Detailed explanation of the various commands:
ls -1 * will output a line for each file (and directory) in the current directory (except .-files). So this will be expanded in to ls -1 file1 file2 ..., -1 to ls tells it to list the filename only and one file per line.
The output is then piped into while read f ; ... ; done which will loop while read f returns zero, which it does until it reaches end of file. read f reads one line at a time from standard input (which in this case is the output from ls -1 ...) and store it in the the variable specified, in this case f.
In the while loop we run a mv command with two arguments, first "$f" as the source file (note the quotes to handle filenames with spaces etc) and second the destination filename which uses sed and ` (backticks) to do what is called command substitution that will call the command inside the backticks and be replaced it with the output from standard output.
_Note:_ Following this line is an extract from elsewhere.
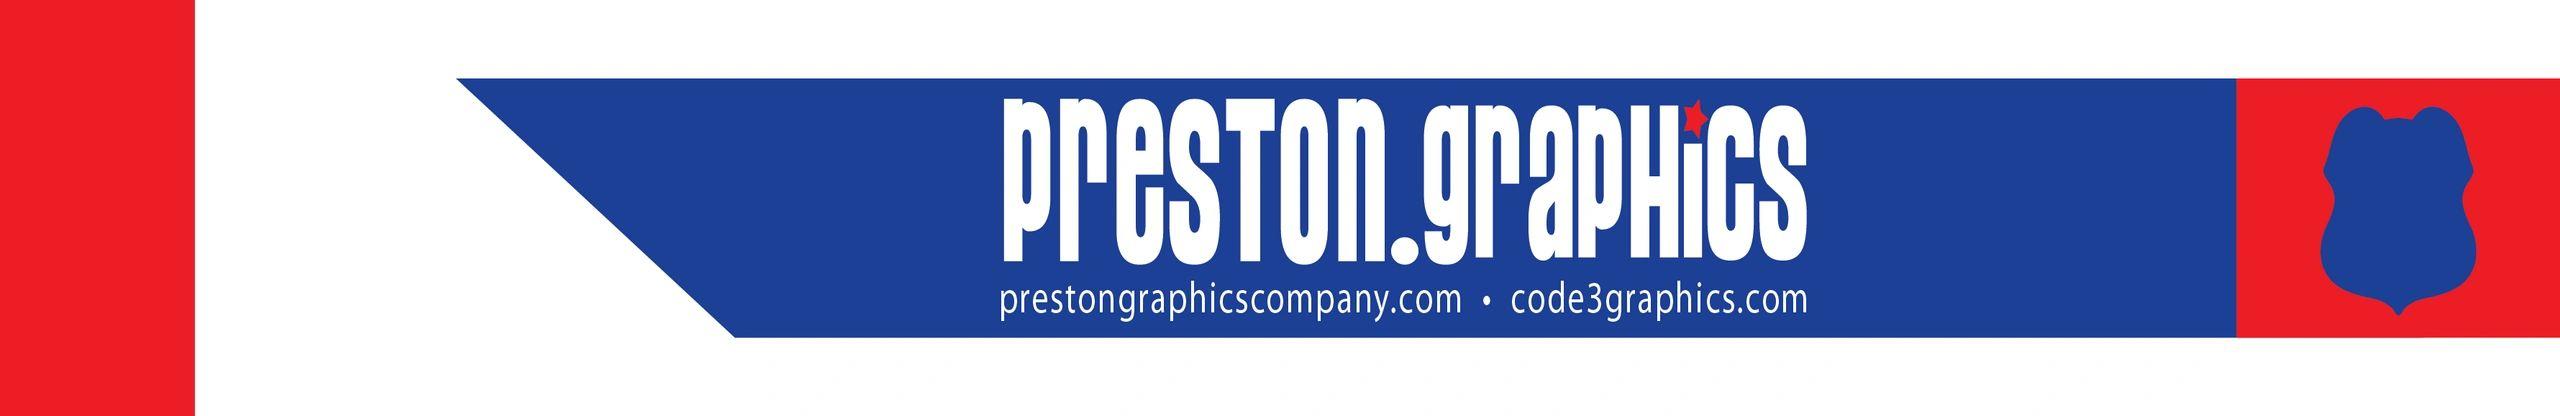 Preston Graphics - Badges, Smith & Warren, Police Badge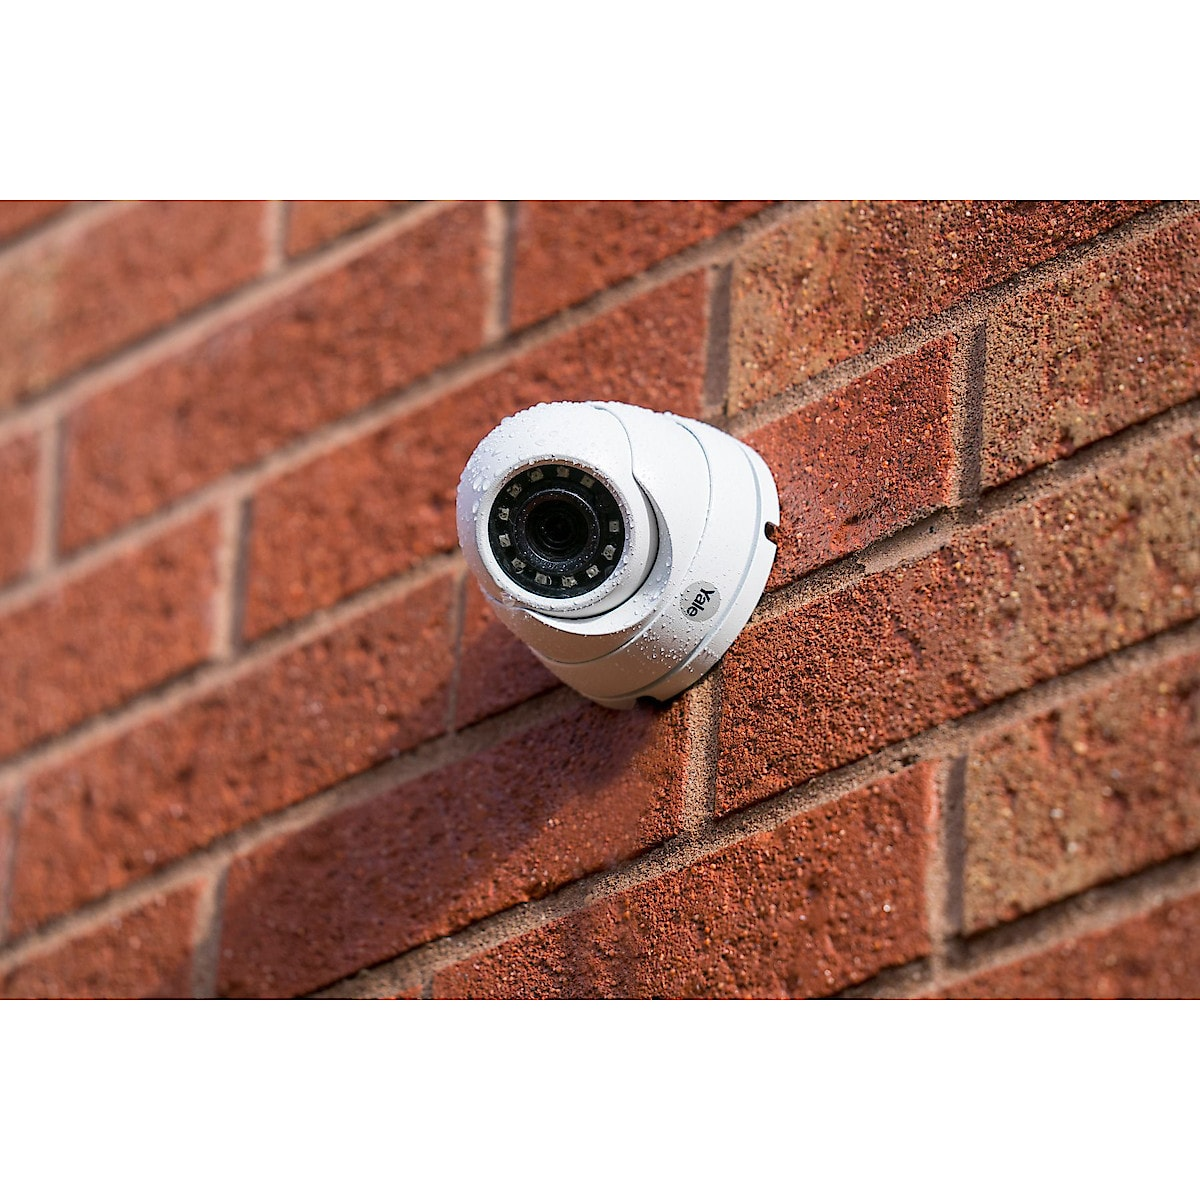 Yale Smart Home CCTV Dome Camera HD1080

echo $f | sed 's/^.* - //' pipes the current file $f into sed that will match a regular expression and do substitution (the s in s/) and output the result on standard output. The regular expression is ^.* - which will match from the start of the string ^ (called anchoring) and then any characters .* followed by - and replace it with the empty string (the string between //).
I know you asked for batch rename, but I suggest you to use Automator.
It works perfectly, and if you create it as a service you will have the option in your contextual menu :)
After some trial and error, I came across this solution that worked for me to solve the same problem.
find <dir> -name *.<oldExt> -exec rename -S .<oldExt> .<newExt> {} \;
Basically, I leverage the find and rename utilities. The trick here is figuring out where to place the '{}' (which represents the files that need to be processed by rename) of rename.
P.S. rename is not a built-in linux utility. I work with OS X and used homebrew to install rename.